В Афганистане нет картинной галереи; ее роль в какой-то мере восполняет торговля коврами. Странствующие перекупщики развешивают свой товар прямо на оградах парков и садов; в больших сералях десятки торговцев раскладывают тысячи ковров; досточтимые дукандары расхваливают туристам «бухары», а где-нибудь по углам держат редкие вещи для знатоков. Опытный торговец всегда: поймет, с кем имеет дело, уже по одному тому, как клиент рассматривает товар.

По мере посещения местных «салонов искусства» менялся мой вкус, появлялось понимание истинно восточной красоты. Совсем другими глазами я смотрел теперь на темные, приглушенных тонов «саруии» или красно-черные «даулятабады».

А вот главные критерии оценки ковров:

1. Оригинальность рисунка и время изготовления.

Настоящим ковром при соблюдении некоторых правил можно пользоваться сотни лет; лишь по истечении нескольких десятилетий обнаруживаются некоторые его дефекты. Больше всего ценятся ковры, прослужившие от двадцати до пятидесяти лет.

2. Количество узлов на дюйм или квадратный сантиметр (ибо ковры вяжут, а не ткут!). Этот фактор в значительной мере обусловливает прочность ковра и четкость рисунка. Оно может колебаться от нескольких сотен до нескольких тысяч на квадратный дециметр.

3. Применяемые красители. Выделяются натуральные цвета (шерсть черной, белой, коричневой овцы или верблюда) и натуральные красители: красный — плоды граната, синий — индиго, желтый — шафран и т. д.

4. Разновидность вязки: одинарный или двойной — персидский или турецкий узел.

5. Качество основы: шерстяная, хлопчатобумажная, пеньковая. «Балючи», например, изготовляются на основе из козьей шерсти. Такая основа эластична. Этим объясняется характерная для этих изделий деформация.

6. Способность «лежать». Хороший ковер должен прилегать к полу всей своей поверхностью. Складки, изломы значительно снижают его качество.

7. Упругость и эластичность. Эти свойства ковра зависят от плотности основы и от качества вязки.

8. Блеск. В зависимости от разновидности ковер может обладать либо умеренным блеском, либо глубокой бархатистой матовостью. В том и в другом случае качество должно быть выражено определенно и равномерно.

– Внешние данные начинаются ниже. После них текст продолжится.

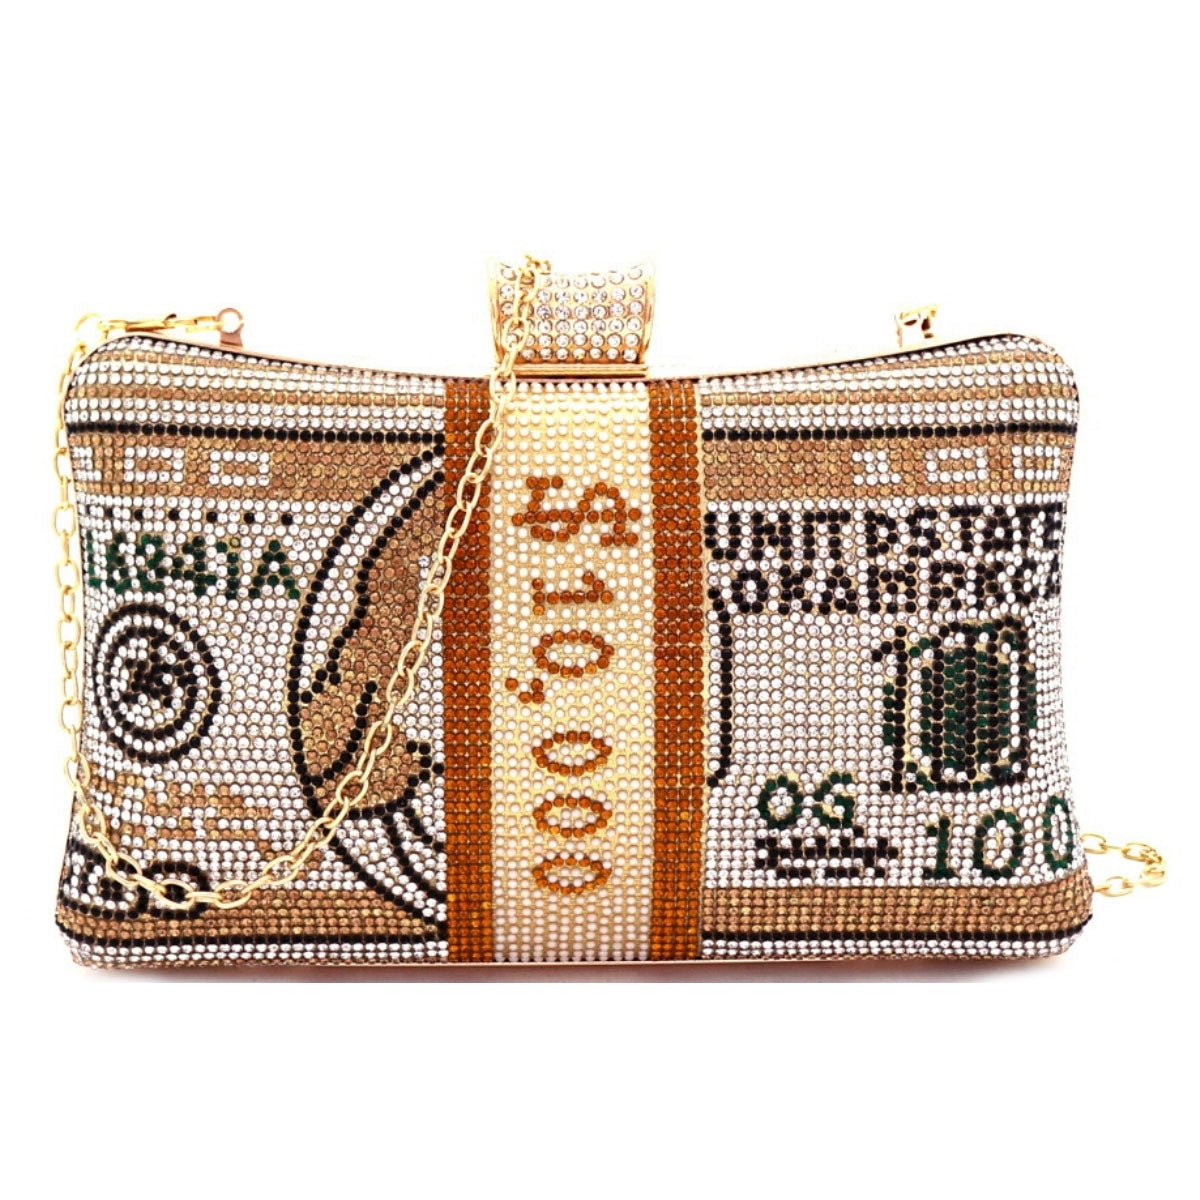 Gold Bling Banded Cash Luxury Clutch

В лавке Якуба я покупаю ковер вот уже третью неделю. Мы еще не договорились об окончательной цене, но торговец обещал мне не продавать ковра до тех пор, пока я не решусь на что-то определенное. Речь шла о сумме далеко не пустячной — двенадцати тысячах афгани (около трехсот долларов). Это в значительной мере превосходило мои возможности, но великолепная гармония красок, совершенство узора оказывали на меня поистине магическое действие. Торговец называл ковер «саруком», и, хотя в немецком каталоге он значится в разделе «Ковры с цветным иранским рисунком», я тоже буду придерживаться кабульской номенклатуры.

Темный, интенсивный коричневый цвет служил фоном для пяти окаймляющих полос с очень тонким и сложным рисунком в черно-бежевых тонах. На центральном поле восемь ромбов с неровными краями, цветовая гамма от темного пурпура до светлой киновари создавала эффект флюоресценции. Идеально ровная, бархатистая матовость короткого ворса подчеркивала единство рисунка и красок.

Якуб вдруг поднялся.

— Саиб, прошу вас, возьмите ковер и положите его у себя в квартире. Через месяц, два, три вы отдадите мне либо ковер, либо двенадцать тысяч, — сказал он.

— Но это невозможно, у меня пока нет таких денег, дукандар-саиб.

— Вы ведь знаете, никому другому я бы не продал за эту цену. Вы должны купить ковер, вы его любите, и поэтому только вам я хочу его продать!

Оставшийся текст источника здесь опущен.